***** Data segment *****

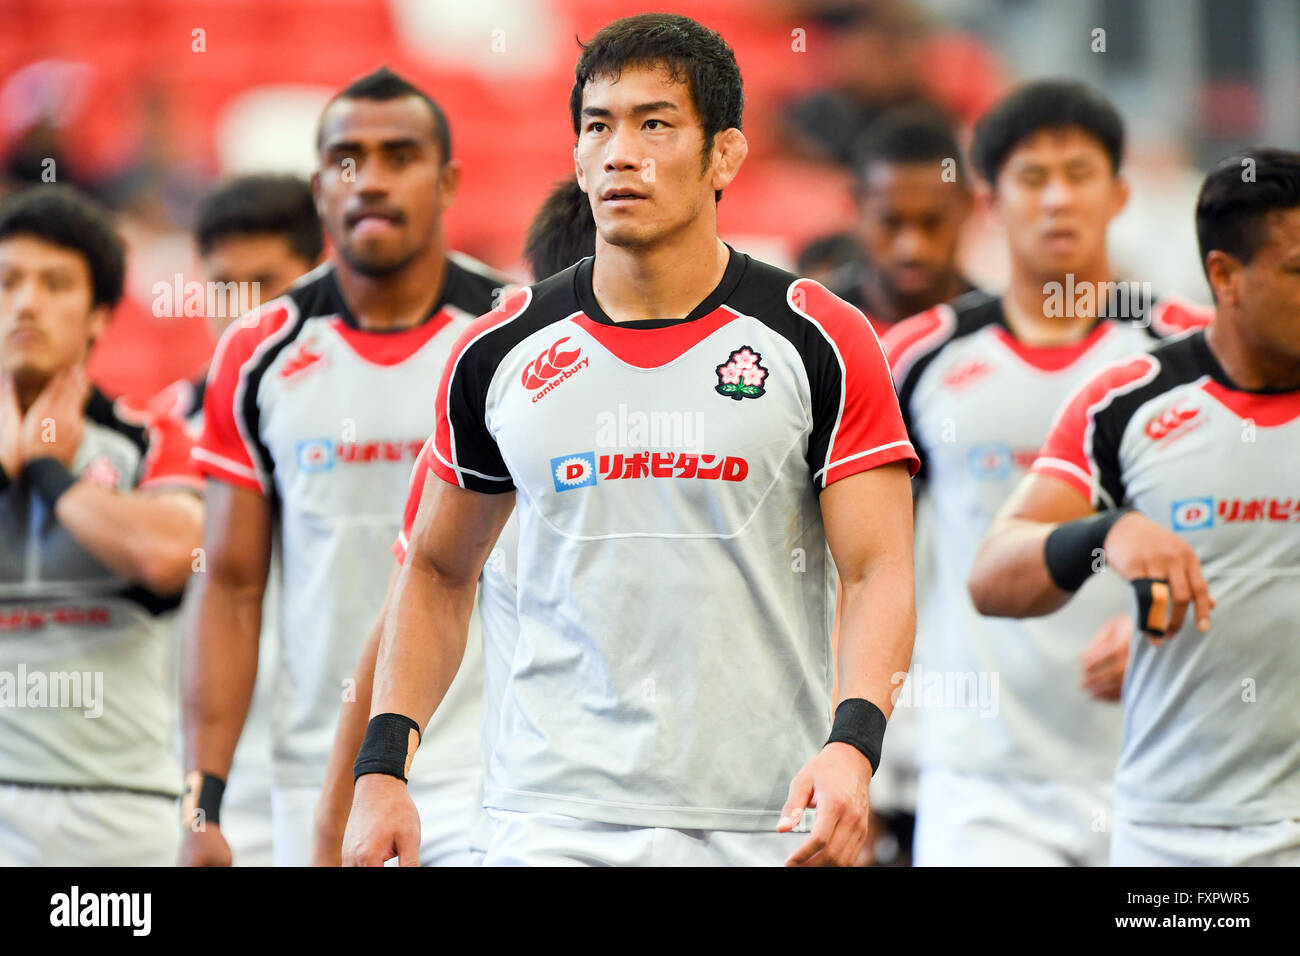 APRL 16, 2016 - Rugby : HSBC Sevens World Series, Singapore Sevens match Japan and Wales at National Stadium in Singapore. (Photo by Haruhiko Otsuka/AFLO) Stock Photo
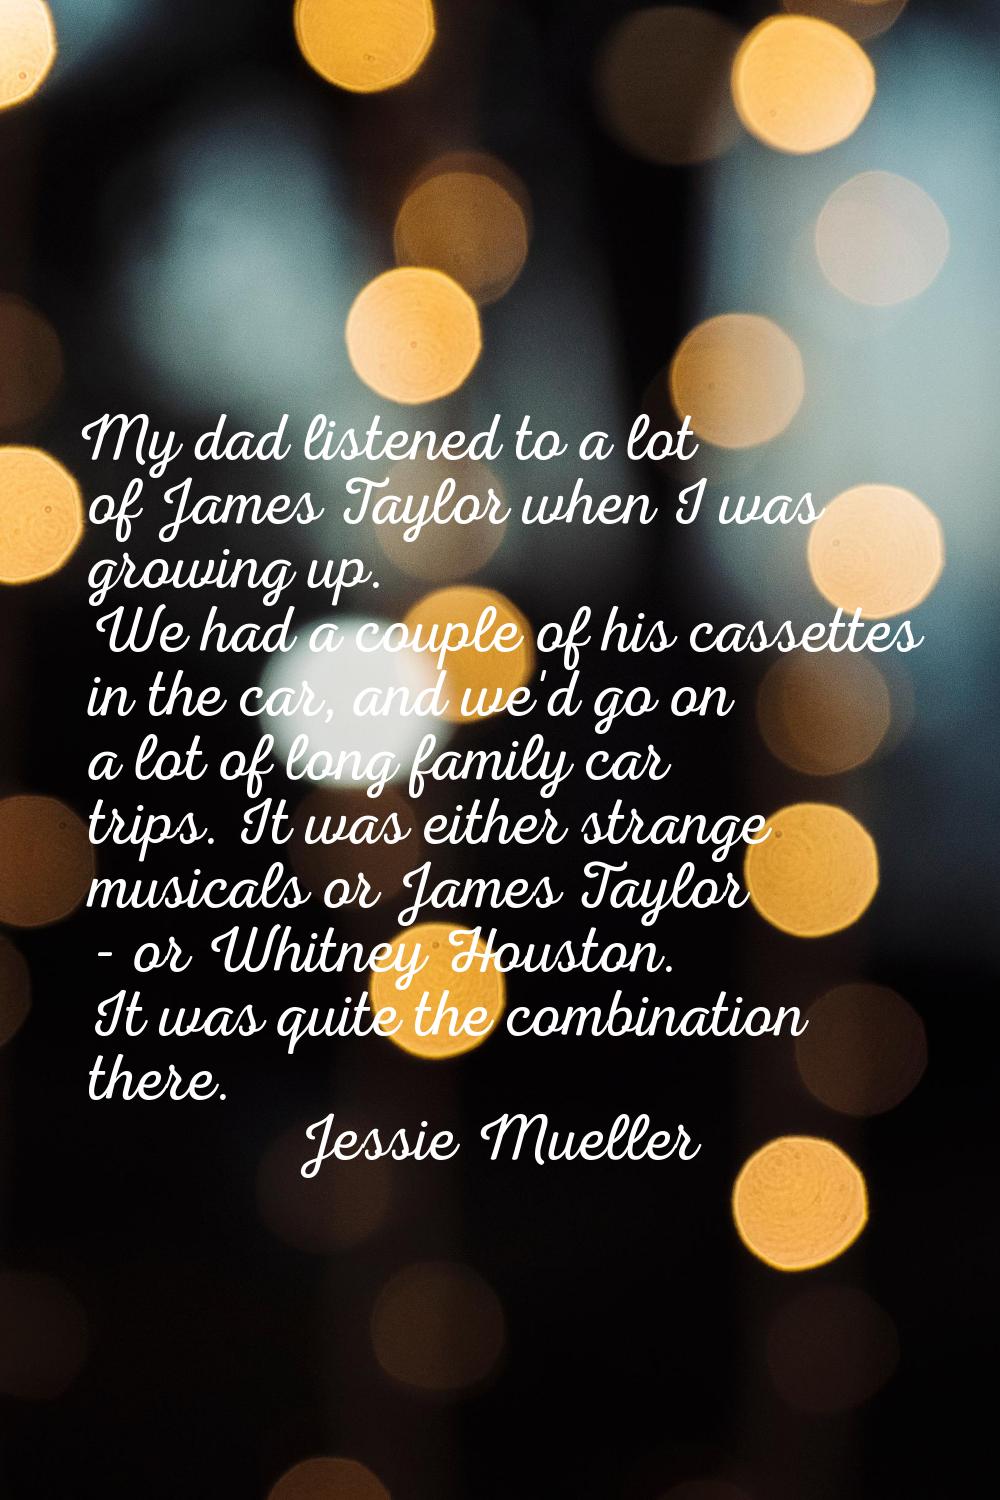 My dad listened to a lot of James Taylor when I was growing up. We had a couple of his cassettes in
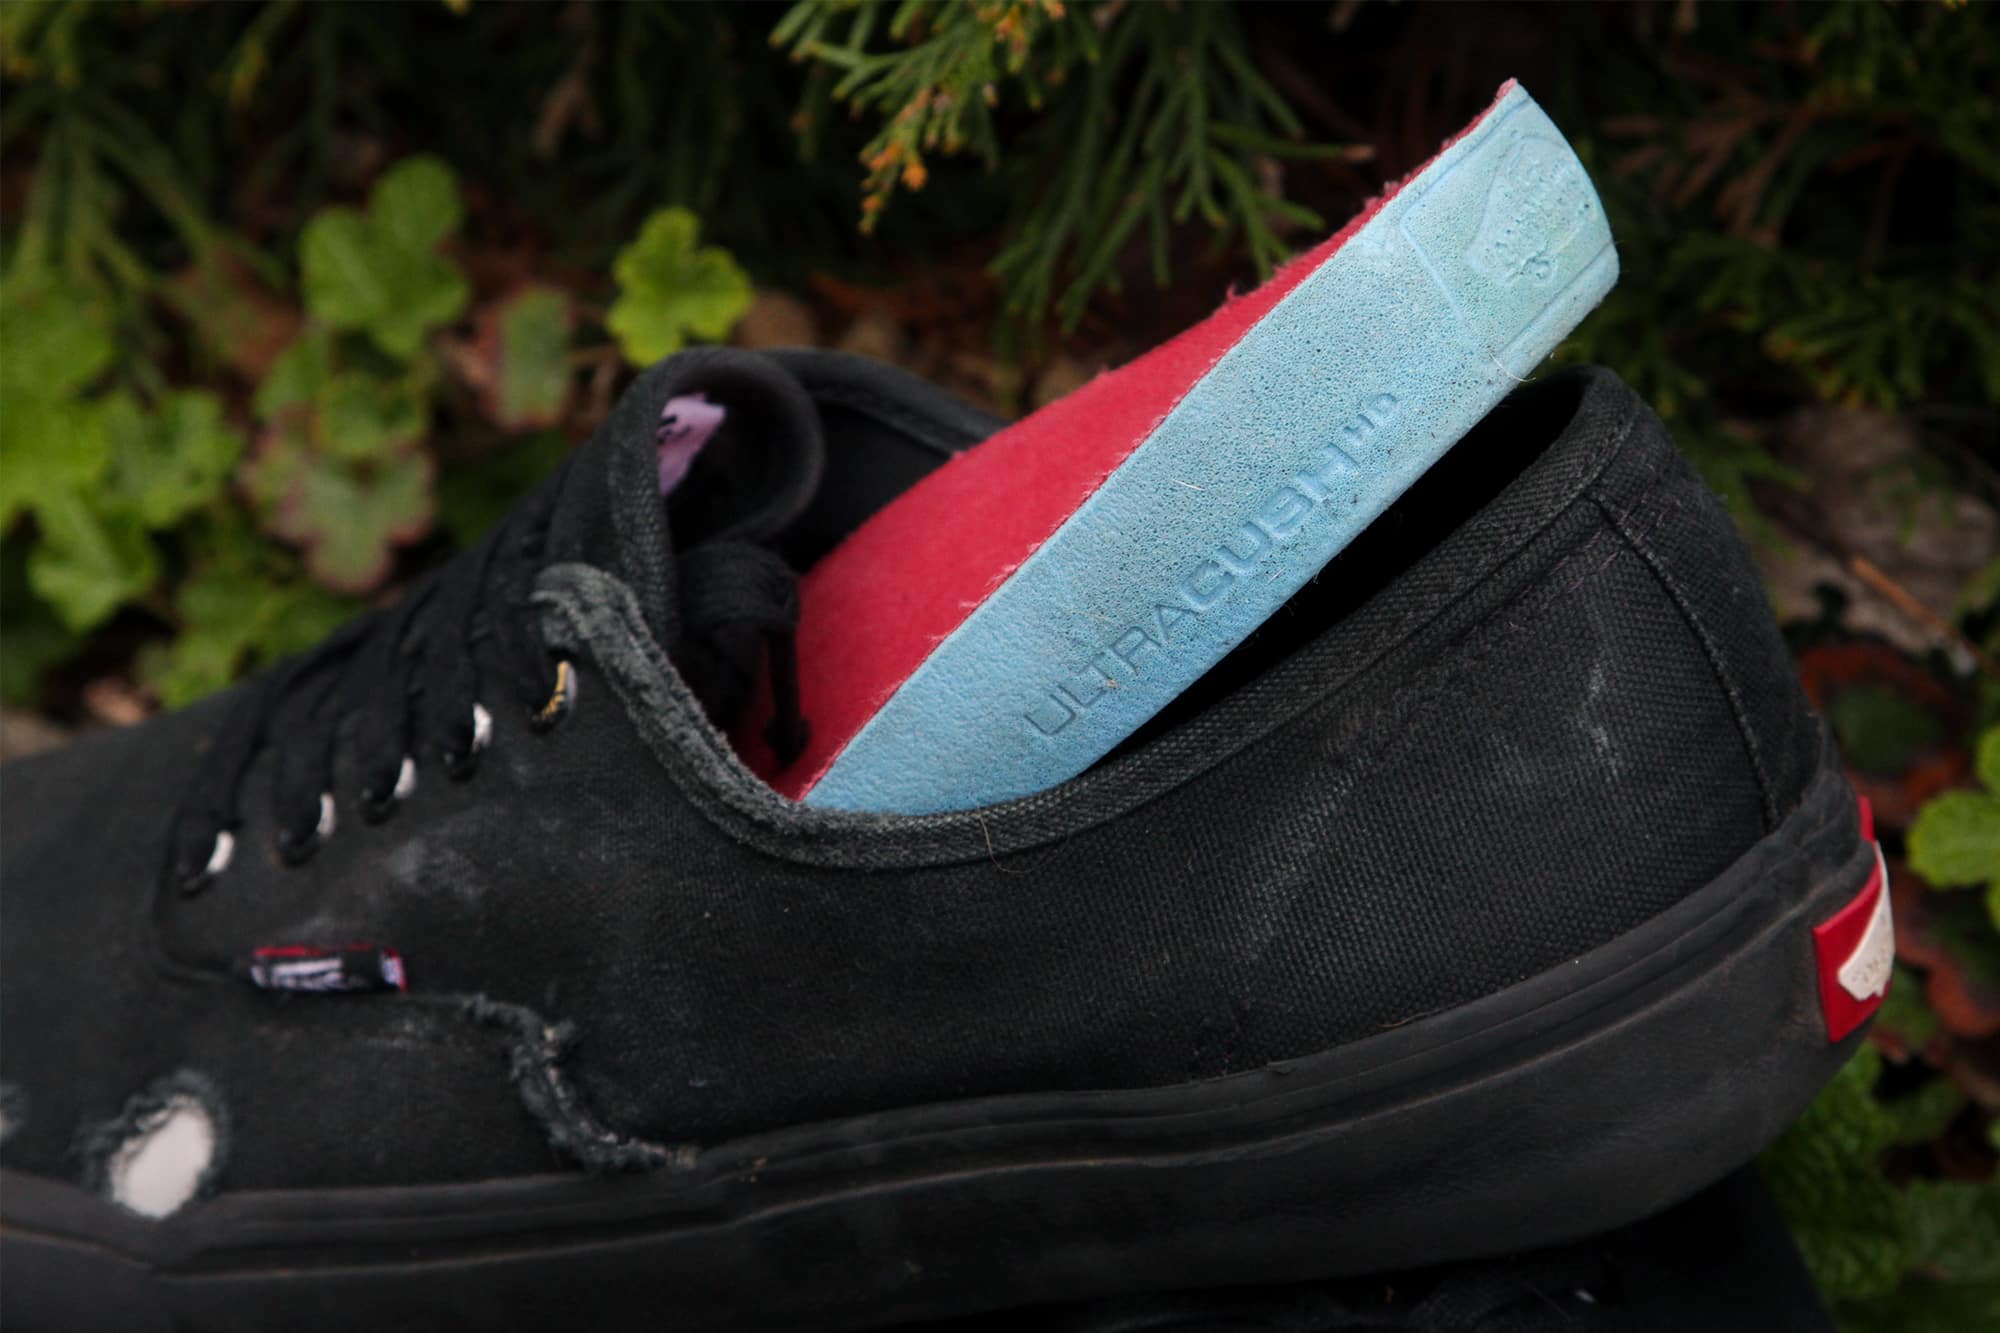 best replacement insoles for vans

*****

> _Task instructions_
Set down the data again, exactly, without images.

> _Exercise answer_
 APRL 16, 2016 - Rugby : HSBC Sevens World Series, Singapore Sevens match Japan and Wales at National Stadium in Singapore. (Photo by Haruhiko Otsuka/AFLO) Stock Photo
 My dad listened to a lot of James Taylor when I was growing up. We had a couple of his cassettes in
 best replacement insoles for vans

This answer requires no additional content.